## Required action:
Your answer is the lines from the one that has "4Remove the dust and clogs" through the last line of the records below, retyped exactly and alone.

(Saved entries)
++++
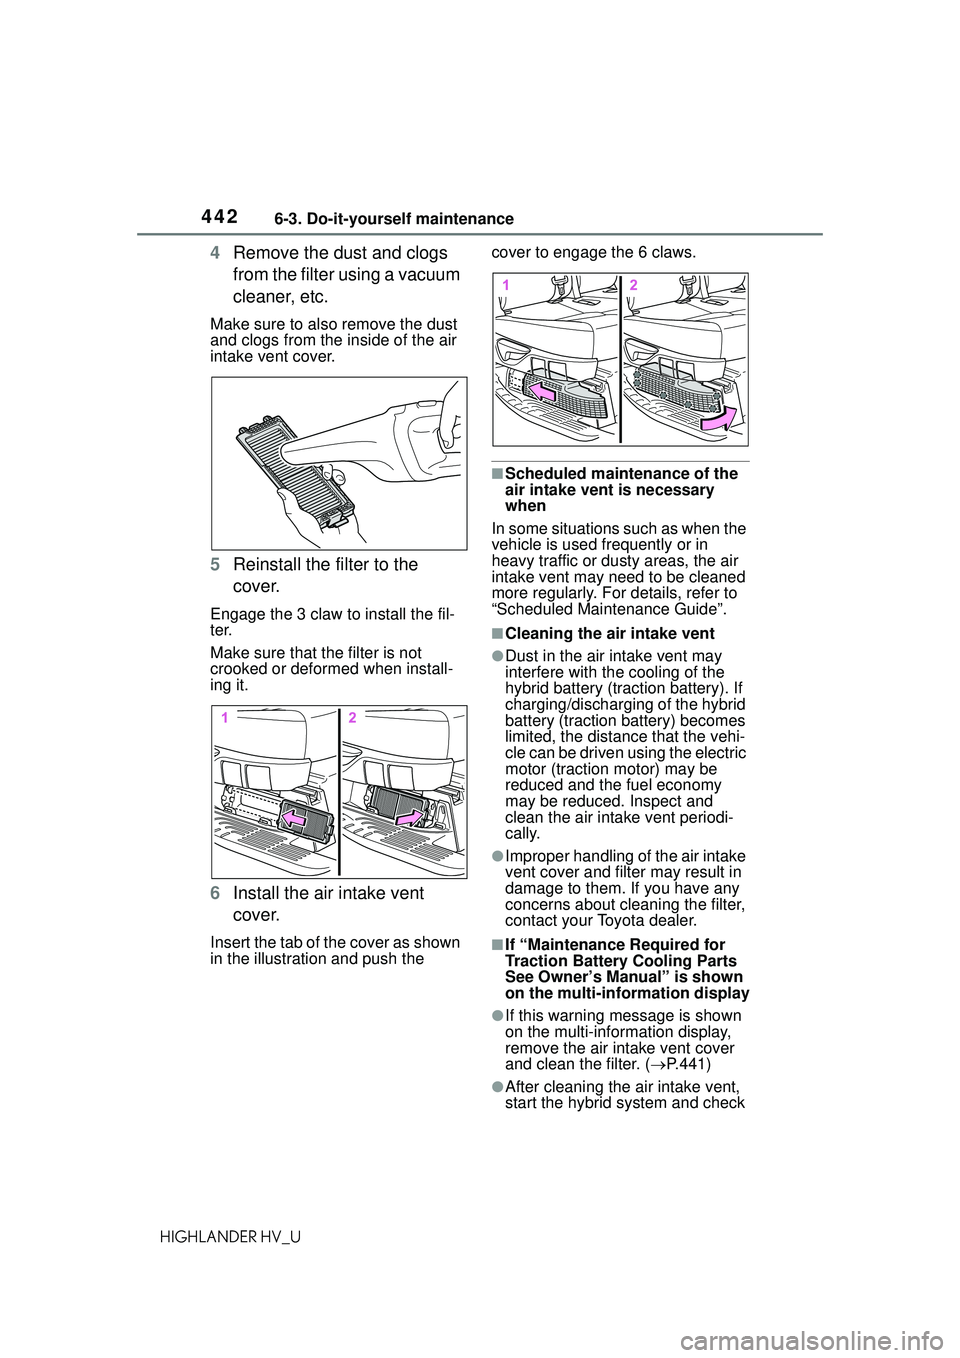 TOYOTA HIGHLANDER HYBRID 2021  Owners Manual (in English) 4426-3. Do-it-yourself maintenance
HIGHLANDER HV_U
4Remove the dust and clogs 
from the filter using a vacuum 
cleaner, etc.
Make sure to also remove the dust 
and clogs from the inside of the air 
in
++++
## Answer section:
4Remove the dust and clogs 
from the filter using a vacuum 
cleaner, etc.
Make sure to also remove the dust 
and clogs from the inside of the air 
in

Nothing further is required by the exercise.